Rope stretch/Pulley Calculations

[Irwinfletcher]

I have a pulley constrained by a single rope fixed at each end to beams in the ceiling. The beams are at different heights giving different "rope" lengths. If I apply a large load to the pulley, how do I calculate the rope loads? Do I take the stiffnesses in parrallel, like two separate springs, or in series, like two springs joined end to end. Does the pulley rotate? If it does, the rope extensions are different. If it does not rotate, the extensions are equal. The two approaches give different results and unfortunately one gives a load greater than my minimum break load. Which is right???

 

[mrMikee]

It sounds statically determinant to me so I don't think the stiffness of the ropes is important. You should be able to solve this based on the geometry of the pulley and the two supports.

The pulley will rotate and move to a point of equilibrium where the angle on each side of the pulley is the same, and the tension throughout the rope it the same. Note that the working loads of wire rope for example (you just said rope) is on the order of 6 or 7 to 1, but I'm not sure. You shouldn't be even close to the breaking strength.

If you're not absolutely sure about this get the advice of another engineer, preferably onsite, who can take a look at what you are trying to do. Check working loads and factors of safety of all components you intend to use, and don't forget to check the beams in the ceiling for the additional loads.

-Mike

 

[aggman]

You can also get additional information from CROSBY. They have manuals which also go through reeving design. If its a static system then you can solve it using simple statics so if you can't remember how to sum the forces then find a statics book. It will likely have almost an exact example in it. If the system is dynamic then you will have to take into account friction with the sheave blocks. (ref Crosby) Factors of safety as mrMikee stated will be in the neighborhood of 3-5 to 1 on a static system against the breaking strength. Dynamic systems utilize higher safty factors.

 

[JStephen]

Something not mentioned above is whether the load below moves when the pulley does. The response above is based on the applied load always being vertical. If the applied load is through a particular point, it would get a bit more complicated.

As a check, if you'll add up all the vector loads on the pulley when you're done, you should get zero in the horizontal direction and zero in the vertical direction. If you don't, something's wrong.

 

[ccw]

Hi Irinfletcher,
If I visualize your system correctly, there was a child's toy made somewhat similar back in the day. It was a deep grooved wooden wheel that rolled on a string suspended between the ends of two sticks, one for each hand. The sticks were manipulated up and down to give the wheel considerable velocity and travel along the string.

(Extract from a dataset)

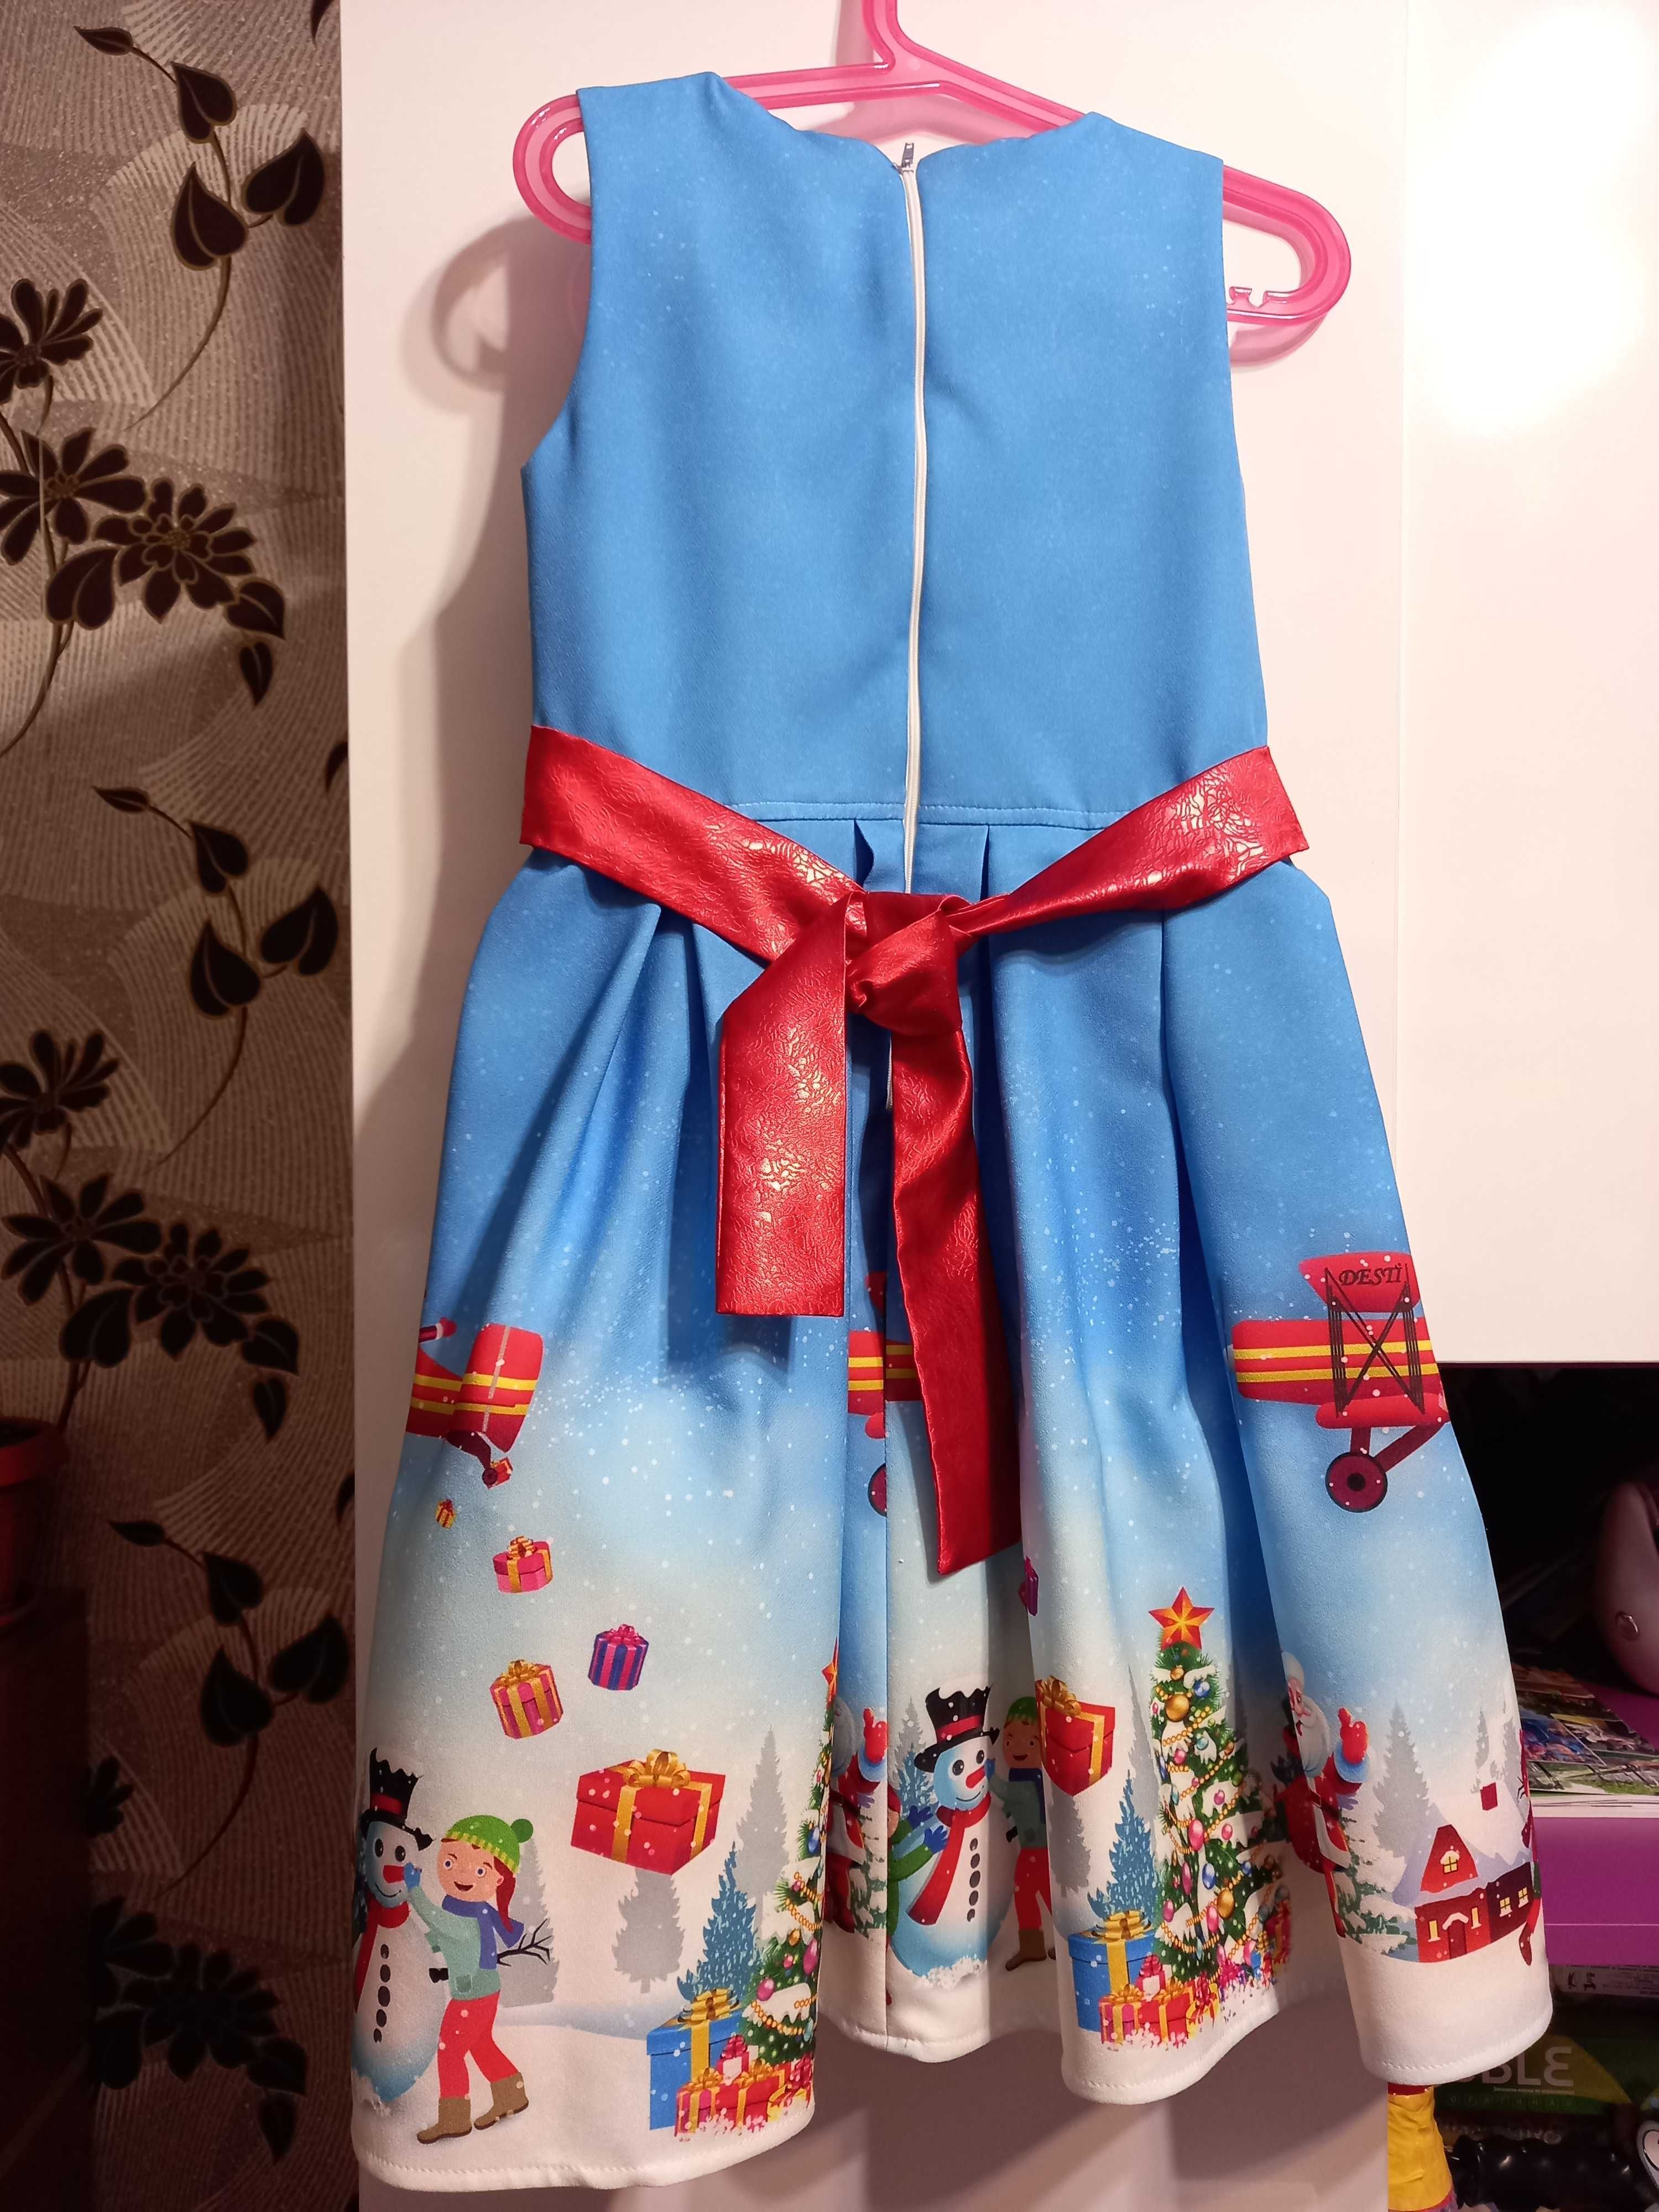 Коледна рокля за момиче - 128 размер

At speed, the wheel had considerable gyroscopic stability and could be made to do some interesting tricks.

You can make up a physical model of your system to verify that:

1. the pulley does turn and move to an equilibrium point between beam-to-rope attachment points where:

2. the rope tension is roughly the same throughout;

3. the departure angle from vertical of the rope from the pulley is the same on both sides;

4. the tension in the rope is a tangent function of the departure angle, ie. will approach infinity for large angles approaching 90 deg.;

5. for the special case where the departure angle is zero, the rope tension is 1/2 the suspended load;

5. assumptions are that the suspended load is free to translate horizontally and vertically as JStephen stated, and that the rope has sufficient slack so that the pulley is below both attachments at equilibrium and that the pulley functions as normal.